RE: New FAQ page

From: Philippe Verdy (
Date: Fri Oct 12 2007 - 17:35:43 CDT

  • Next message: Doug Ewell: "Re: New FAQ page"

    James Kass wrote:
    > Mark Davis wrote,
    > >Your chart example means absolutely zilch.
    > Chart example? What chart example? I suppose you mean the
    > character map application example in which "zilch" is that
    > which is gained.

    The chart examples (including the charts in the Unicode standard) are not
    plain text, simply because of their layout required to make them legible.
    Don't assume that what the chart displays being meaningful in plaintext.
    What is displayed in that case is not representative of the glyphs that will
    be used in actual texts, just focusing what is the intended meaning so that
    each cell can be distinguished.

    Even if an application needs some font support to exhibit such VS boxes, it
    is not required for fonts normally used to render plain text. Fonts and text
    renderers are first built to display plain text correctly, you can do
    whatever you want to display other things such as specific VS boxes for
    building font charts, failing to display VS sequences as intended for plain
    text will miss the point.

    So BEFORE building some support for custom boxes (which is an optional
    possibility) don't forget to support FIRST the standard behaviour which
    should be the default behaviour of your rendering system. To display custom
    glyphs make them available only in specific modes when they are specified by
    the application needing it.

    Notably, VS characters have NO standard behaviour in plaintext when they
    don't follow one of the characters for which there's a defined sequence
    defined in the standard. So when VS characters are appearing isolately, they
    are creating DEFECTIVE sequences: that the place where your renderer could
    display a specific visible glyph, and that will allow you to build charts,
    and even to allow atext editor to work in "visible controls" mode (but such
    editor will use a "feature" in fonts or in renderer to disable explicitly
    the standard behaviour.

    Soyes, I agree with Kenneth and others when they want invisible VS because
    this is the way they were created since the beginning. Any attempt to change
    this would change the VS characters into symbols (that may be part of some
    ligatures), and would defeat the standard. VS characters are NOT spacing
    symbols, they are even not combining characters.

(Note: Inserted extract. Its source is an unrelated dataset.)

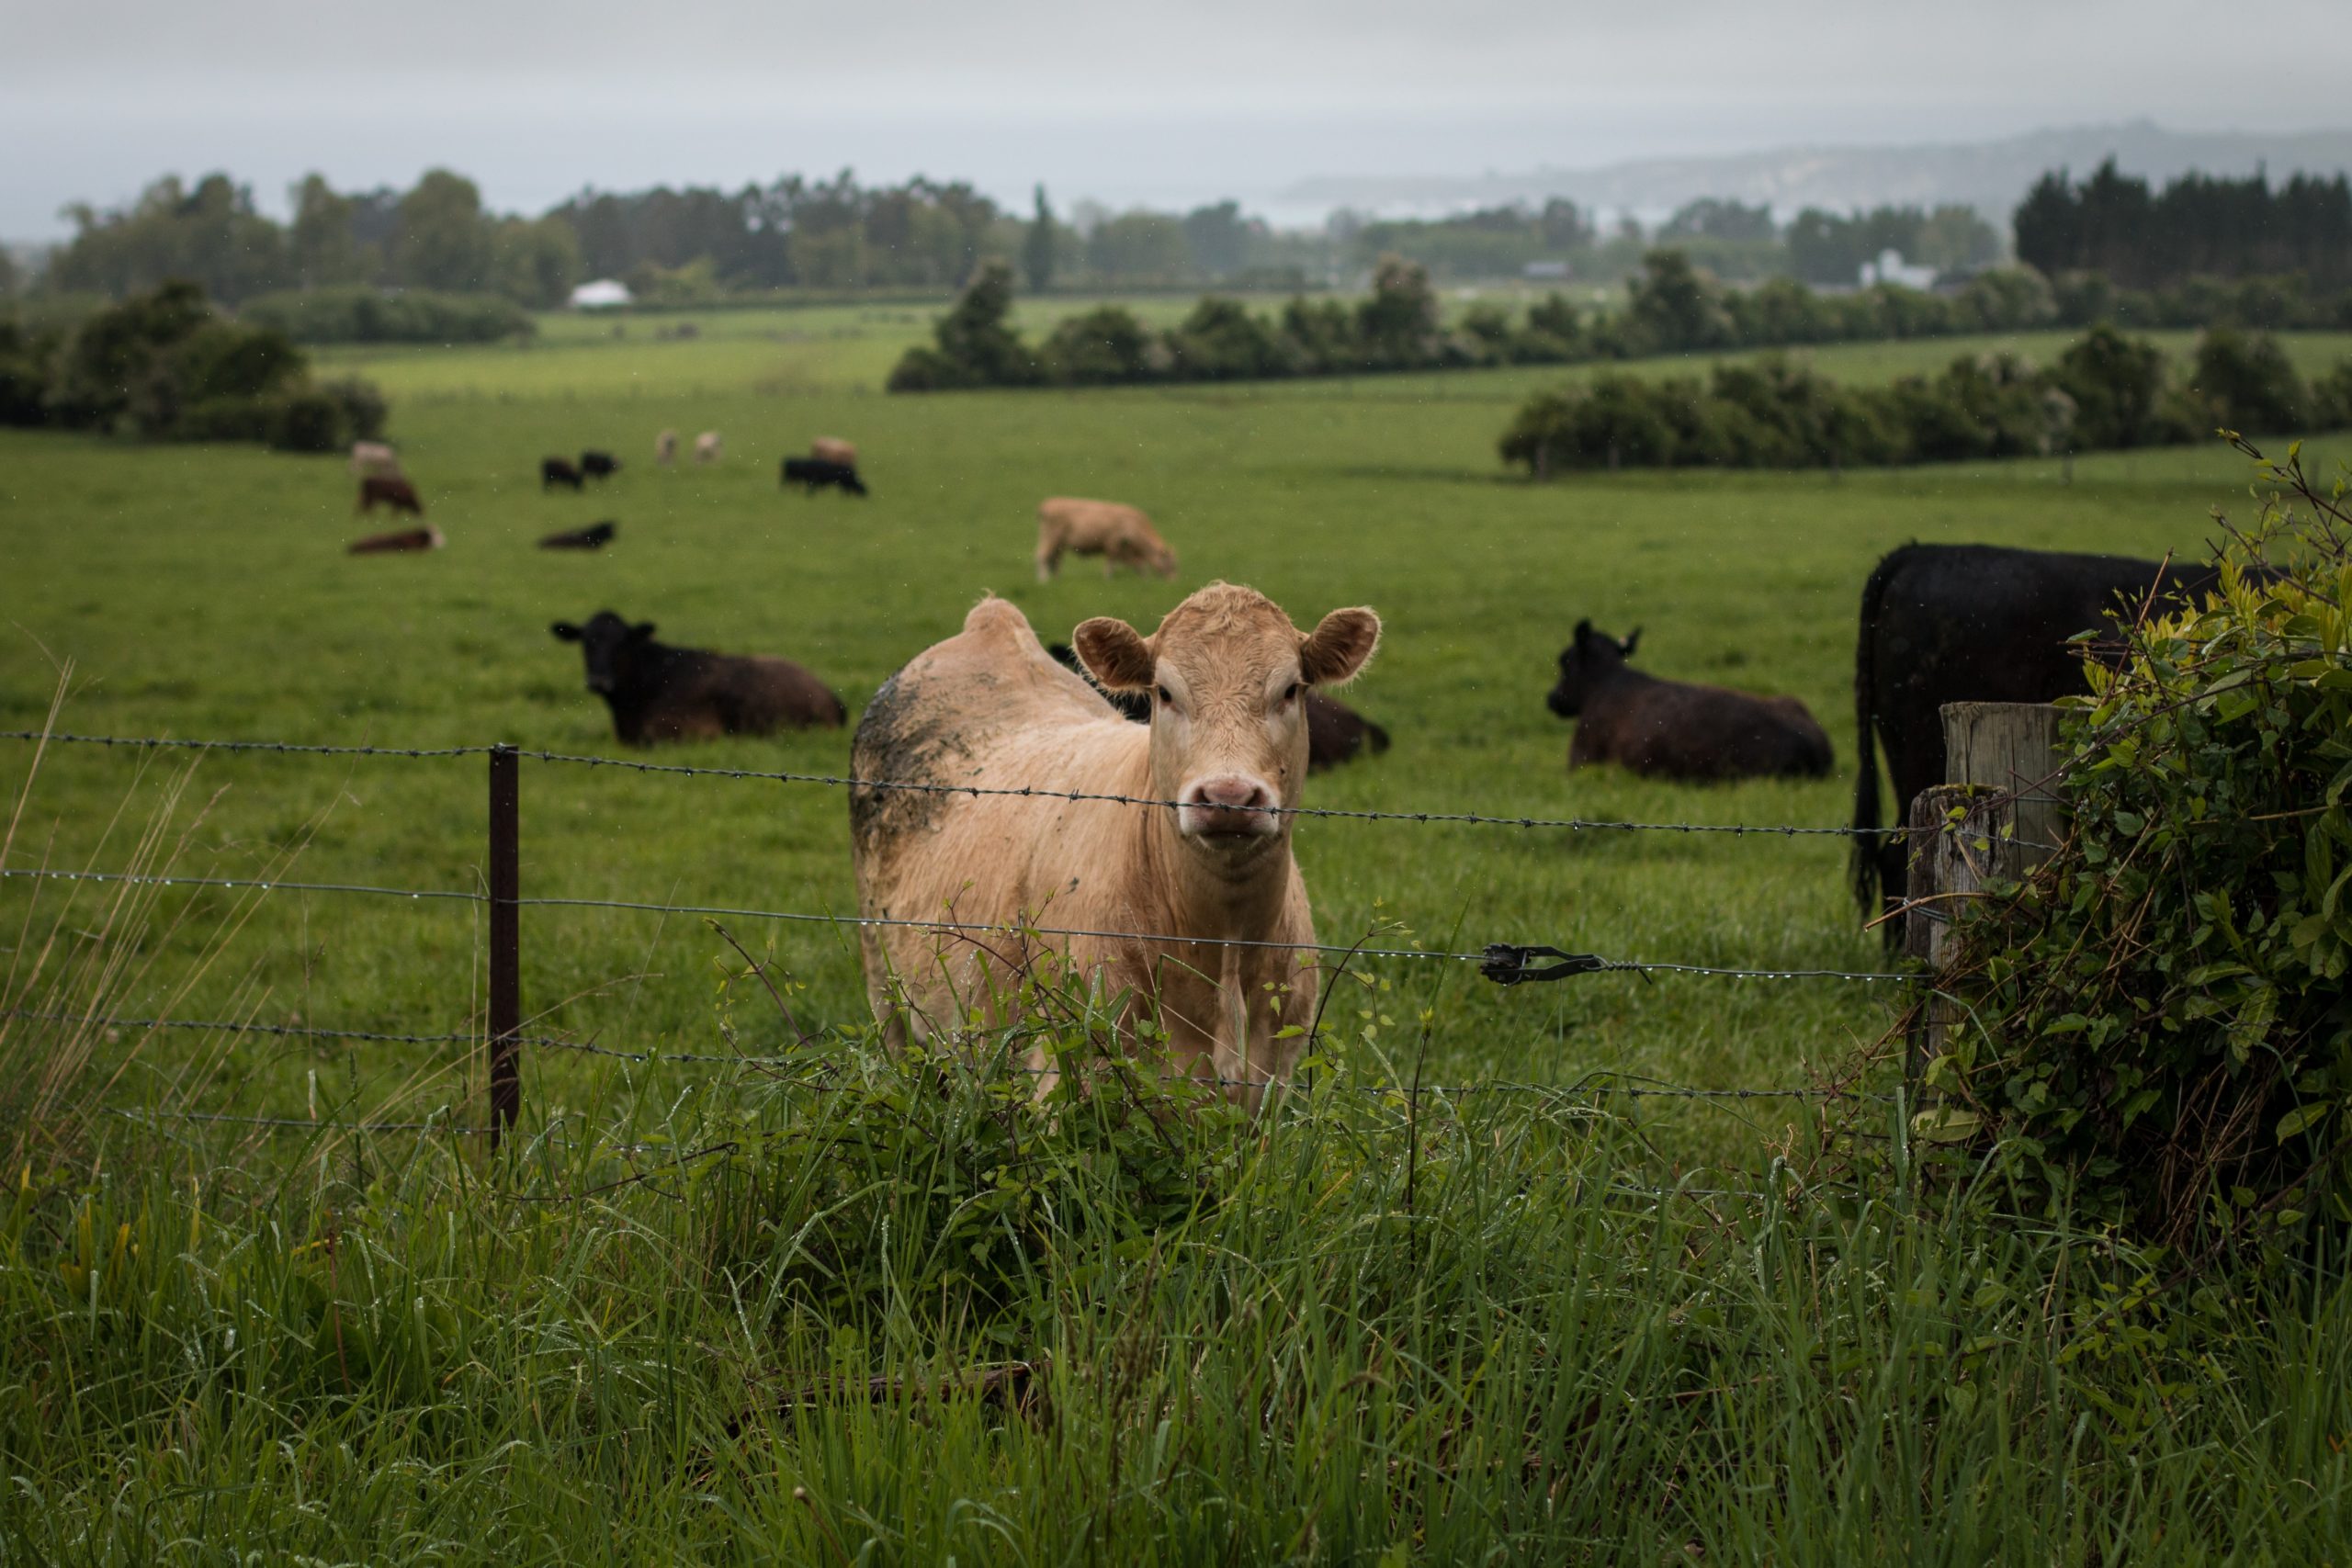 tan cow with other brown cattle in fenced area in field

    One of the best way a font can view VS characters is as zero-width spaces
    that may offer some ligatures for those VS sequences that are defined in the
    standard. For every othercase, they remain invisible (that's why their
    code-to-glyph binding in fonts should be to a zero width invisible glyph by
    default, and a specific feature, disabled by default, should encode all
    other bindings to visible glyphs; the standard only permits binding by
    default some sequences of a character followed by a VS, every other
    sequences should be disabled by default).